Nvidia welds together ARM-Kepler ceepie-geepie system for the impatient
Development board for CPU-GPU hybrid apps, or nodes in a parallel cluster perhaps
GTC 2013 Graphics chip maker Nvidia is also an ARM processor maker, and it wants hybrid ARM-GPU chips just as much as you want them. And in the meantime, if you just can't wait, the company is working with Italian electronics manufacturer Seco to kick out another ceepie-geepie card that can be used for software development or to build a parallel system if you want to play around.
The Kayla machine is not just interesting in its own right as a software development platform, but perhaps for experimental clusters that set the stage for future machines based on future Tegra processors with beefier ARM cores and beefier GPUs on the same piece of silicon.
Kayla definitely sets the stage for the future "Logan" Tegra 5 processors, due next year perhaps. The Logan chips will marry a Tegra ARM processor complex with a Kepler GPU, while the "Parker" Tegra 6 chip will sport a custom 64-bit ARMv8 processor and a "Maxwell" GPU all on the same chip.
The Kayla board is a kicker the the Karma board launched at the SC11 supercomputing conference in 2011. And obviously it could also be used to build a prototype ARM-GPU supercomputer, as the Barcelona Supercomputing Center in Spain has been doing for a few years now using a mix of different ARM processors.
Nvidia is taking hybrid computing another step forward with its Kayla card
Jen-Hsun Huang, co-founder and CEO at Nvidia, showed the Kayla board running real-time ray tracing on a set of wine glasses. "The entire modern software stack we know of - CUDA 5 with OpenGL 4.3 geometry shaders, with physics, running Linux - all on the same platform."
Huang added that Nvidia will be able to take what now is a pretty hefty baby system embodied in the Kayla hybrid system and shrink it down to the size of a dime with the Logan CPU-GPU chip.
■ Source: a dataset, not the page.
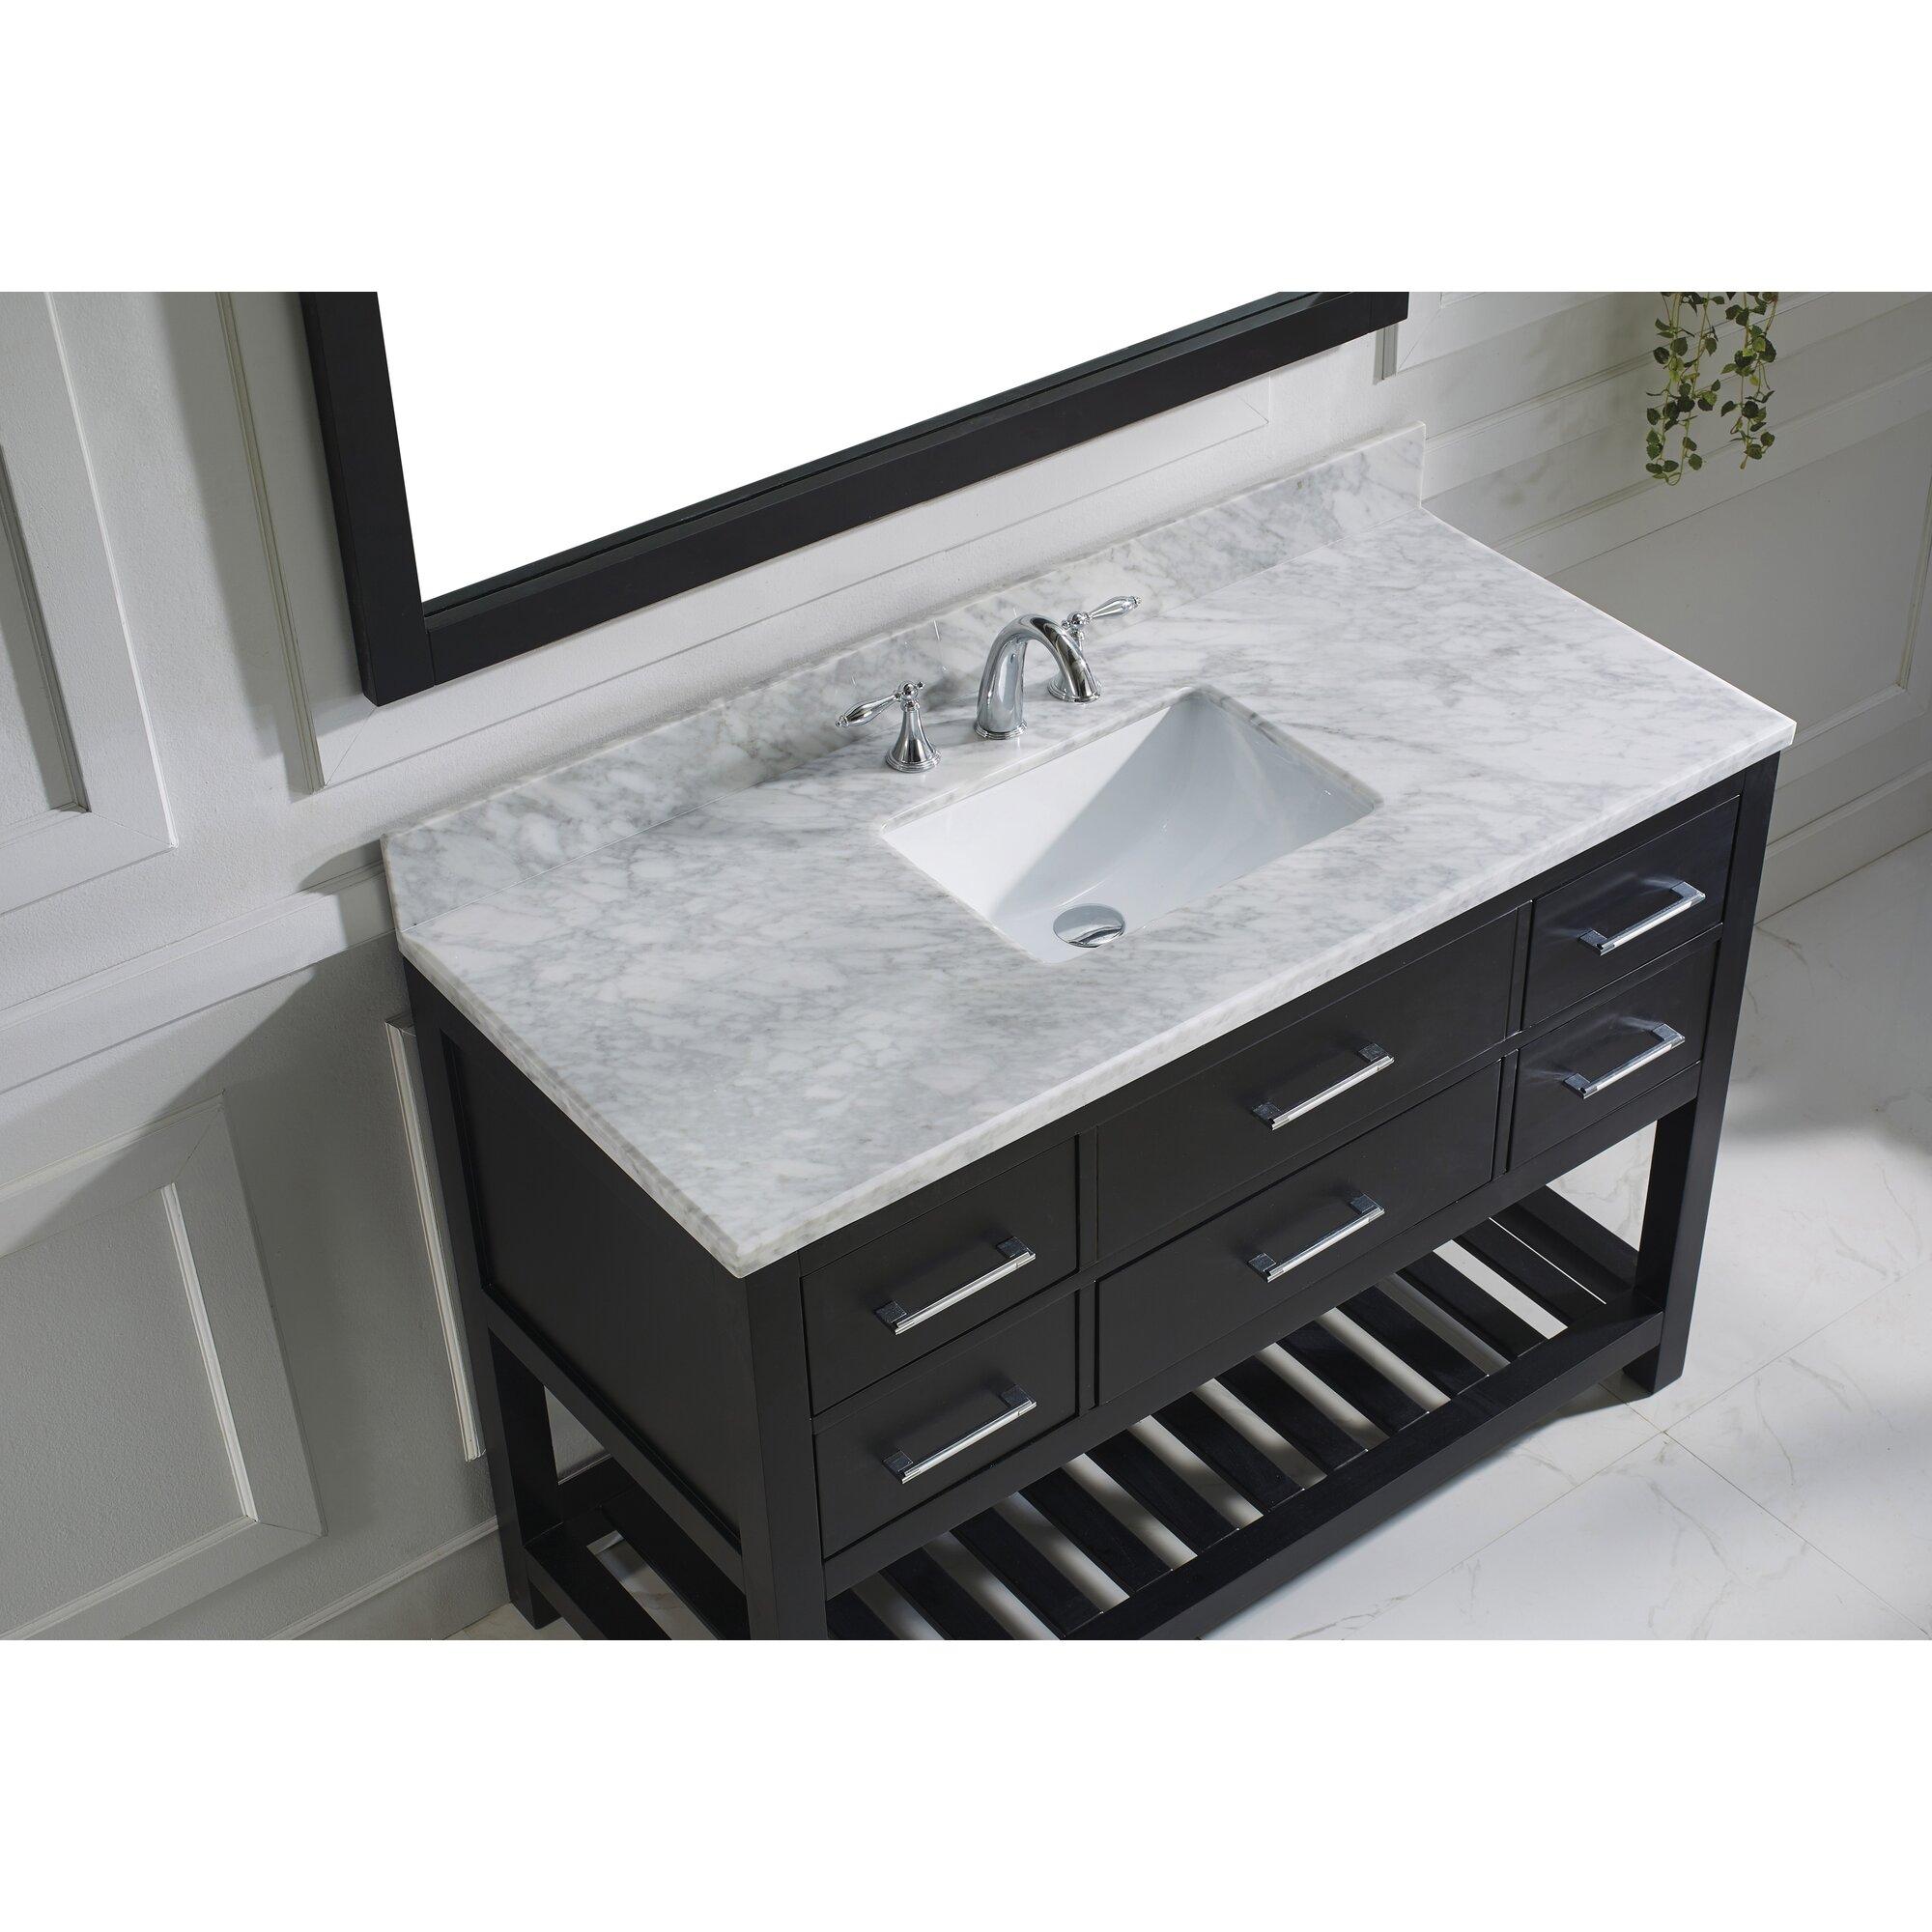 Virtu bathroom accessories - Caroline Estate 49 Single Bathroom Vanity Set With White Marble Top And Mirror

That will be very interesting indeed, particularly if the Tegra 5 has 40-bit memory addressing and a reasonable number of ARM cores and a Kepler GPU with a whole lot of CUDA cores.
But back to the Kayla ceepie-geepie system. You would think that Nvidia would be using the latest Tegra 4 chip in this board, but it is in fact based on a Tegra 3 processor card, just like the predecessor Karma system made by Seco. The other details of the system were not divulged.
But we can do a little guessing about Kayla based on Karma. With the Karma board, the Tegra 3 ran at 1.5GHz and delivering around 6 gigaflops of number-crunching power; it had 4GB of main memory on the board and a Gigabit Ethernet port.
The Karma system plugged in a GeForce GT520MX mobile GPU coprocessor, which had 48 cores (only 9 percent of the total cores actually on the chip activated) spinning at 900MHz (instead of 1.3GHz); that GPU delivered around 142 gigaflops of floating point oomph.
You can see now why you want GPUs doing the math for ARM processors.
It stands to reason that Nvidia will once again use a GeForce mobile discrete GPU adapter for the Kayla system, but for now the company is not saying which one it is plugging in.
The Karma system had a rumored street price of $500, and that sounds like the right price point two years later for the Kayla system. The Kayla hybrid machine will ship sometime in the spring. ®
The older system was CARMA, for CUDA on ARM Architecture.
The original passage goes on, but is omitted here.